ImOn Communications
- Type: Subsidiary
- Industry: Telecommunications
- Founded: March 9, 2007; 19 years ago, in Cedar Rapids, Iowa, U.S.
- Headquarters: Cedar Rapids, IA, United States
- Key people: Patrice Carroll (CEO)
- Products: Telephony
- Parent: Goldman Sachs Asset Management
- Website: www.imon.net

= ImOn Communications =

American telecom company

ImOn Communications is an American telecommunications company headquartered in Cedar Rapids, Iowa. The company operates high-speed fiber-to-the-premises Internet, telephone, and digital cable services to residential and business customers in several Iowa cities, with plans to expand into the Duluth–Superior metropolitan area of Minnesota and Wisconsin by the end of 2026.

==History==
The company was founded in 2006 by Jeffrey Benjamin and Stephen Gray as JB and SG Communications, for the purpose of buying the ATS division of McLeodUSA as that company prepared for its initial public offering. The ATS division, at that time, consisted of a network providing cable television, telephone, and Internet services to residential customers in the area of Cedar Rapids and Marion, Iowa. JB and SG Communications announced on December 14, 2006, that it would operate under the trade name ImOn Communications, and its offer to purchase the McLeodUSA ATS division was approved by the Iowa Utilities Board a few days later. The sale was completed on March 9, 2007, which ImOn considers its date of founding.

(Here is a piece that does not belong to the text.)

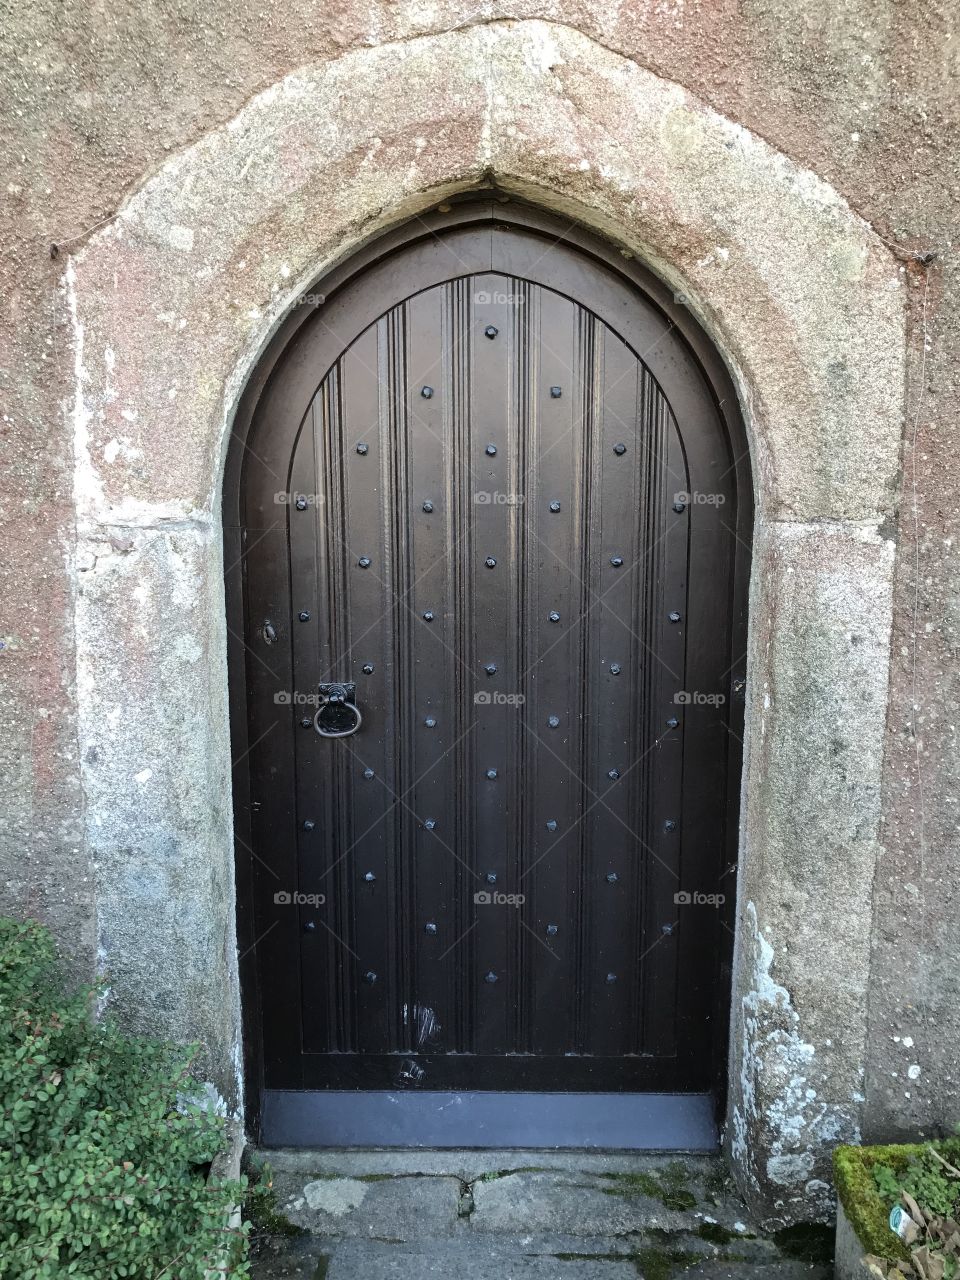 Sumptuous entrance door of Coffinswell’s church, with authentic stone and dark wood veneered door.

During the 2008 Cedar River flood, much of ImOn's infrastructure was damaged or destroyed. The company assisted local businesses in restoring their service after the flood, thereby entering the business telecommunications market for the first time. In 2011, ImOn became the first company in the Cedar Rapids area to offer fiber-to-the-premises service.

In 2015, ImOn expanded into its first market outside the Cedar Rapids area, building a fiber network in Iowa City. Mediacom, which had signed an exclusive agreement to provide all cable services within Iowa City, sued ImOn and the city government for allegedly colluding to violate the terms of that agreement. The case was brought before the United States Court of Appeals for the Eighth Circuit, which ruled in ImOn's favor in 2018, on the grounds that fiber service was separate from cable service, and Mediacom still retained exclusive control of the latter.

ImOn Communications was acquired by the Infrastructure investing division of Goldman Sachs Asset Management in 2022, with ImOn CEO Patrice Carroll saying that Goldman Sachs "will be a great partner to help us implement our ambitious growth plans". ImOn retains its local headquarters and leadership in Cedar Rapids, but its continued expansion is financed by Goldman Sachs' resources.

In January 2023, ImOn acquired FiberComm of Sioux City, Iowa. The next month, ImOn purchased the fiber division of Dubuque-based Comelec Services, taking over that company's fiber services in Dubuque, Asbury, Peosta, Epworth, Farley, and Dyersville, Iowa.

In 2024, ImOn began construction of fiber networks in Marshalltown and the Clinton–Camanche area. In 2025, the company expanded its gigabit fiber services into the Southeast Iowa cities of Burlington–West Burlington, Keokuk, Fort Madison, and Mount Pleasant. In 2026, the company is installing its first fiber network outside Iowa, in Duluth, Minnesota, and Superior, Wisconsin.

The company owns the naming rights to two sports venues in Iowa, the ImOn Arena in Dubuque and the ImOn Ice Arena in Cedar Rapids.